La responsabilità dei russi, di tutti i russi, è innegabile, al di sopra di ogni tentativo di giustificazione ed aggravata dalla loro totale inazione, anche ora, a due anni dall’inizio dell’invasione su vasta scala, dopo tutte le evidenze di crimini di guerra, dopo le torture, le violenze, le uccisioni. Ormai è tardi per chiedere scusa, ma non sarebbe tardi per provare a fare qualcosa.

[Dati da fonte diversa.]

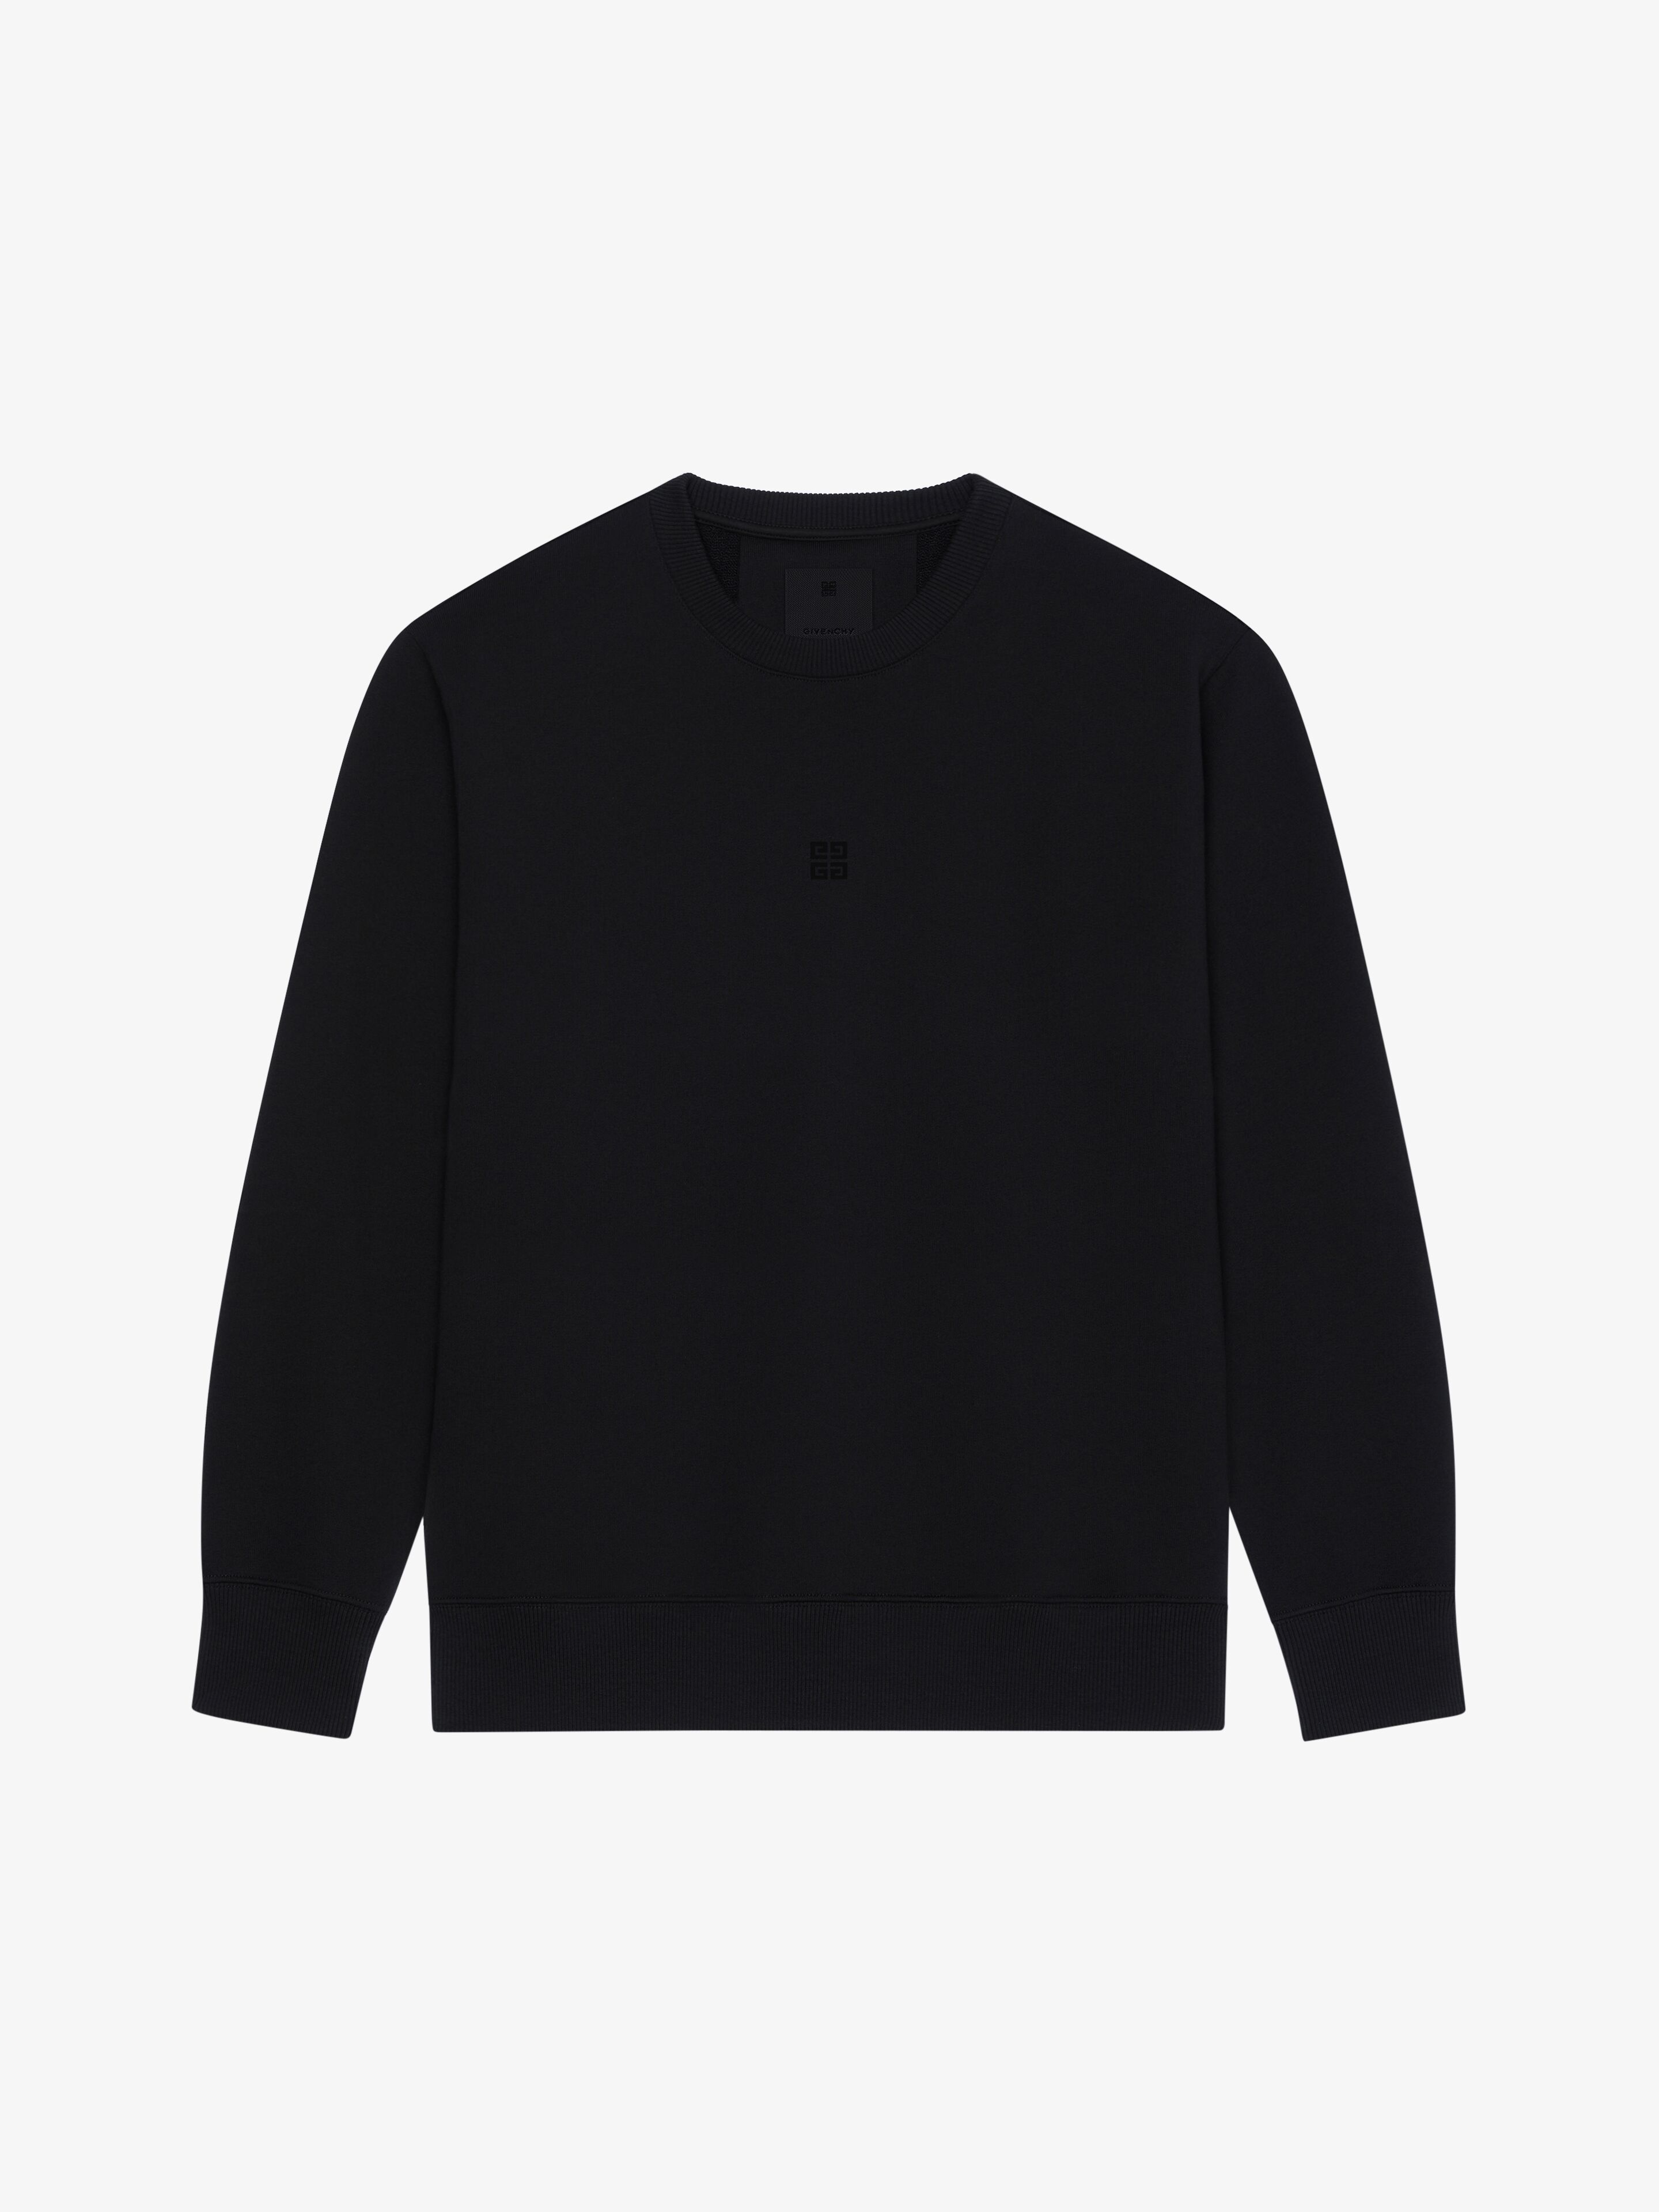 Givenchy Men's Slim Fit Sweatshirt In Embroidered Felpa In Black

Tracciando il paragone tra il regime nazista tedesco degli anni ’40 e il regime nazista russo di oggi, troviamo notevoli somiglianze e la più accentuata sta proprio nella responsabilità morale dei cittadini russi. Come allora in Germania, la macchina di morte russa non è manovrata solo dalla mafia ai vertici di russia unita, ma è stata per oltre 20 anni ben oliata dal silenzio e dalla connivenza dei suoi cittadini, anche da quelli non iscritti al partito, anche da quelli che non approvavano le politiche di putin, ma che erano ingranaggi della burocrazia di questo regime criminale. Per questo eliminare putin non garantisce un lieto fine. C’è una macchina da guerra costruita da 144 milioni di persone che ci sta per investire, questo non è un film di fantascienza, probabilmente non sarà sufficiente deporre il despota per risanare un intero stato fondato su teorie imperialiste, razziste e suprematiste. Soprattutto perchè in patria il despota in questione ha, nonostante tutto, un grandissimo appoggio interno. Potrebbe anche non truccare le elezioni per vincere a mani basse, se lo farà (e lo farà) sarà solamente per abitudine.

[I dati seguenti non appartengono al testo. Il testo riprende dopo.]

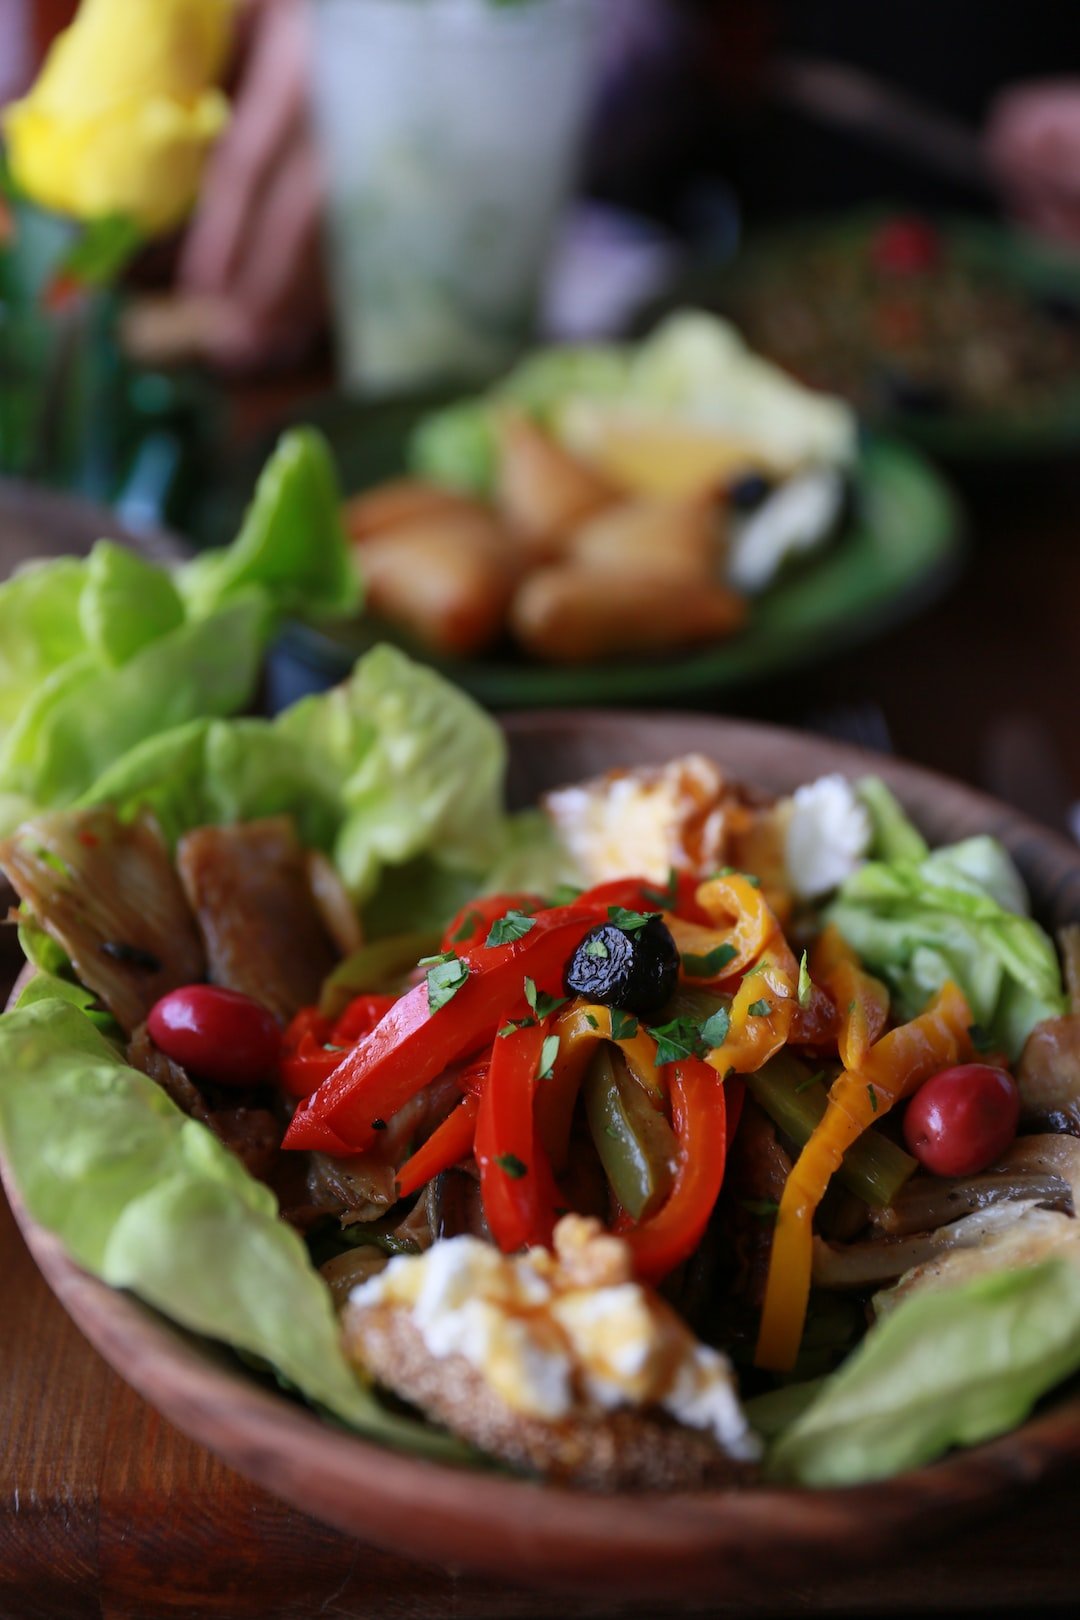 Delicious and Nutritious Vegan Salad Recipes to Satisfy Your Taste Buds

Anche nella Germania nazista c’erano i “tedeschi buoni”. C’erano gli oppositori. C’erano i sabotatori. Erano così pochi da essere ininfluenti e su quei pochi che fecero qualcosa (e che finirono male) ne abbiamo tratto libri e film epici. La seconda guerra mondiale non finì perchè i tedeschi ormai stanchi di Hitler scesero in piazza e rovesciarono il regime, finì perchè gli alleati entrarono a Berlino, rasero al suolo quasi l’intera Germania e occuparono per oltre 50 anni quella nazione, con programmi di rieducazione della popolazione, di riadattamento alla democrazia, almeno nella Germania Ovest. I più sfortunati finirono sotto i sovietici e pagarono a caro prezzo la loro responsabilità di essere parte di quel regime.
Solo dopo così tanto tempo siamo riusciti a riabilitare i tedeschi ed è un discorso che vale esclusivamente per le generazioni che non hanno subito i campi di concentramento. Lo stesso varrà anche per gli ucraini, per le nuove generazioni europee che cresceranno con i racconti dei genitori e dei nonni su questa guerra. Se ci saranno le condizioni, forse, loro perdoneranno. Forse rileggeranno con occhi diversi le parole di Yulia Navalnaya, forse considereranno come esuli politici i fuoriusciti dalla russia di questi anni, forse guarderanno quei pochi russi che all’estero hanno provato a partecipare a qualche manifestazione di dissenso come dei coraggiosi eroi. Forse, forse, forse. Forse domani. Oggi, tutti gli ucraini coinvolti in questa guerra, non lo faranno mai.